- _Given data_
^^^^^^^^

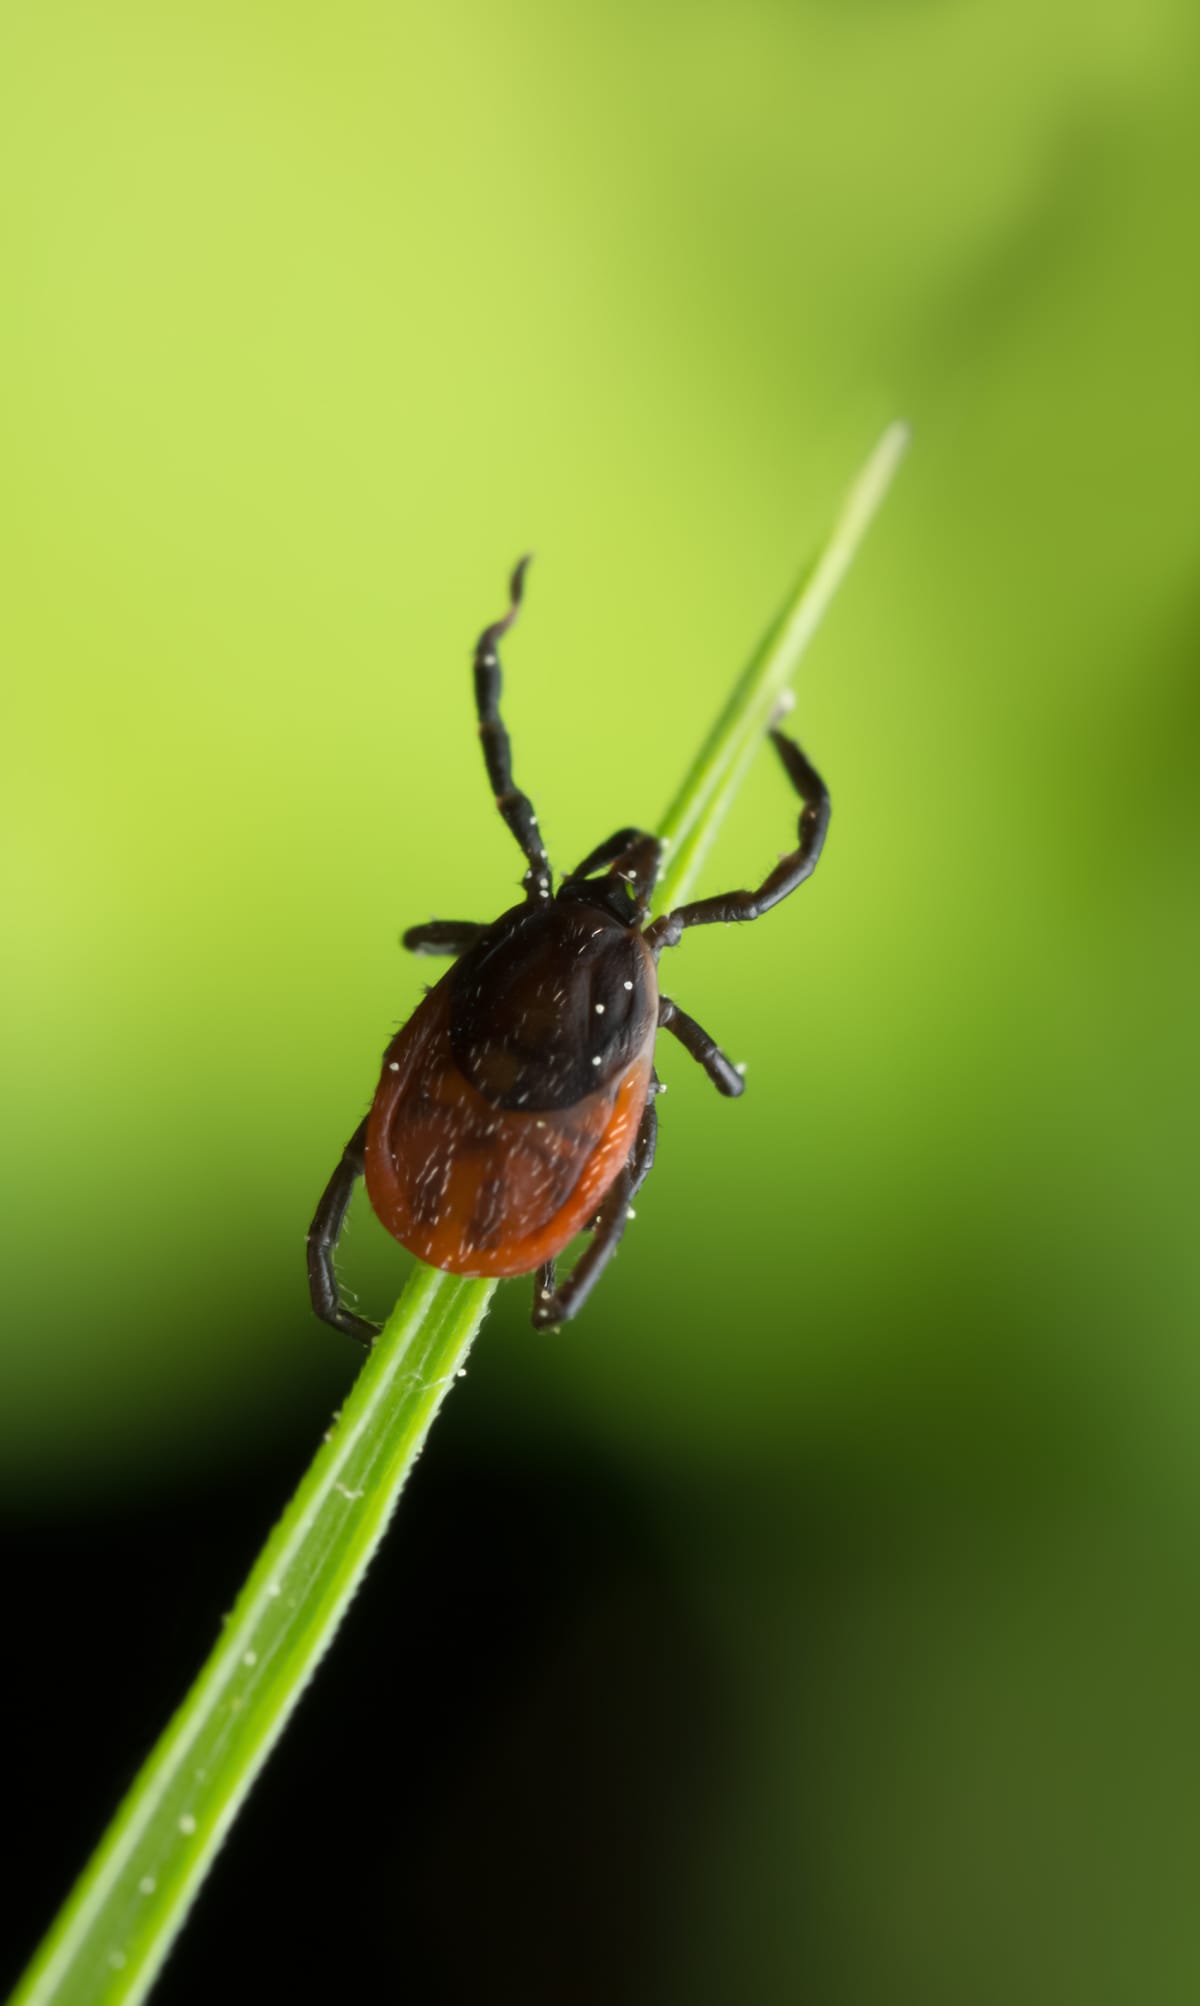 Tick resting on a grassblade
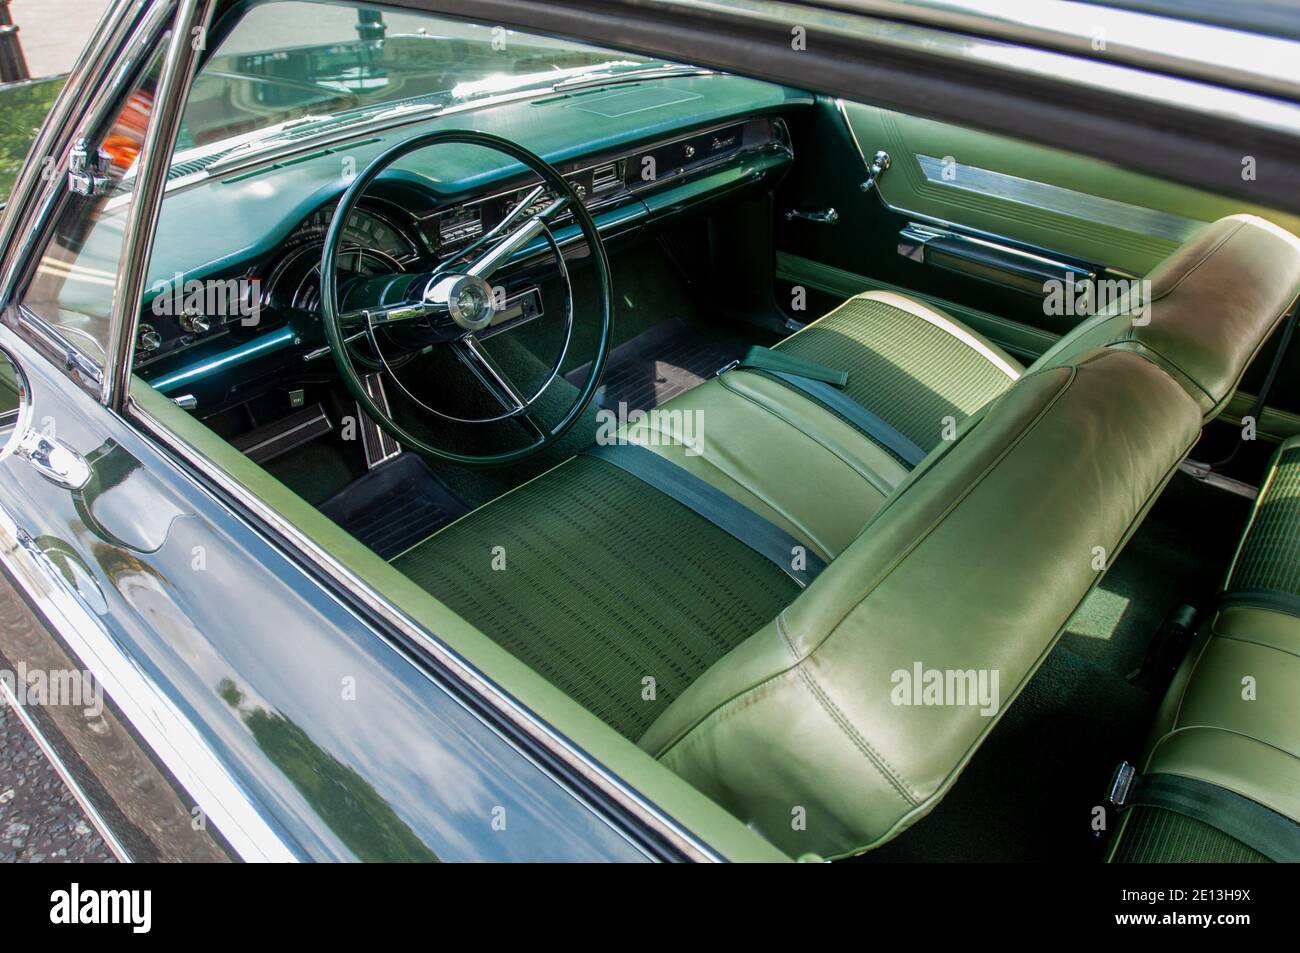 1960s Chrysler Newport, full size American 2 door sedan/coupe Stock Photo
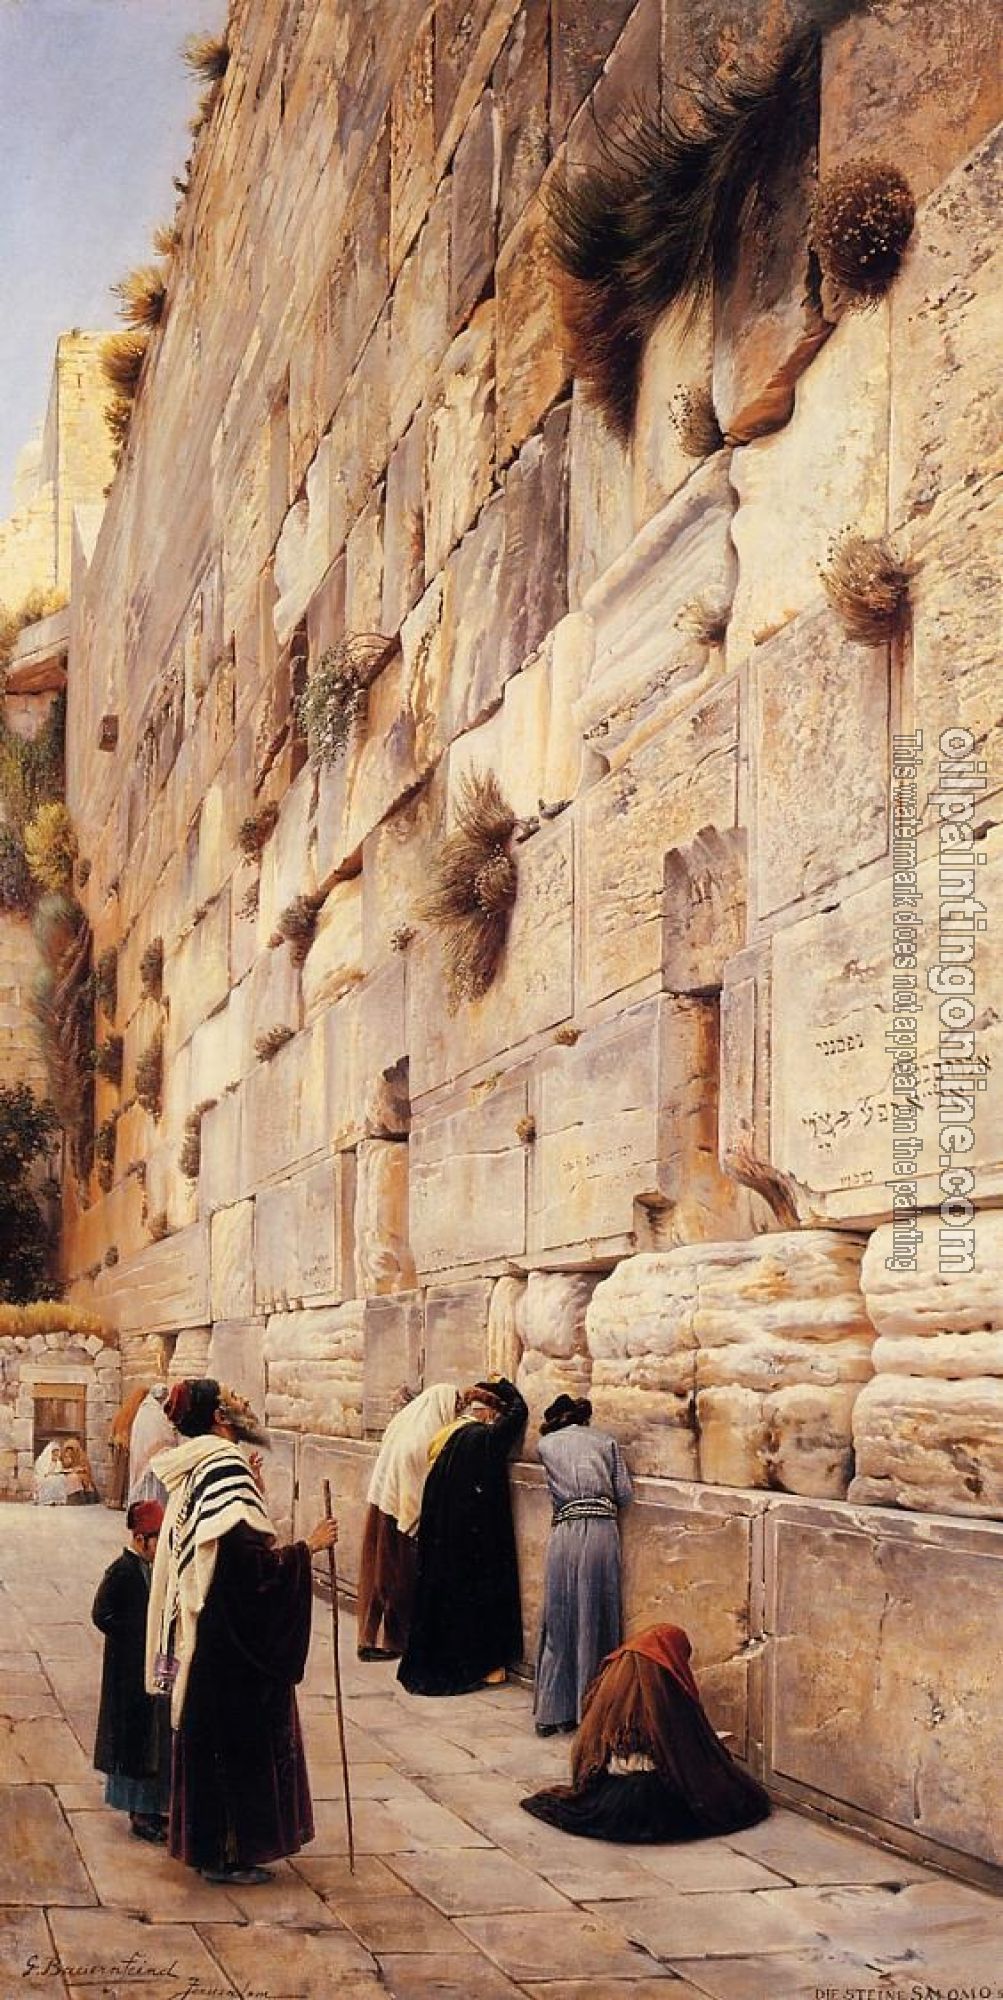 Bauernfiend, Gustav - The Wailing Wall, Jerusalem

^^^^^^^^

- _Aim of the exercise_
Give the complete material again, exactly as written. Do not include the pictures.

- _Result of the exercise_
 Tick resting on a grassblade
 1960s Chrysler Newport, full size American 2 door sedan/coupe Stock Photo
 Bauernfiend, Gustav - The Wailing Wall, Jerusalem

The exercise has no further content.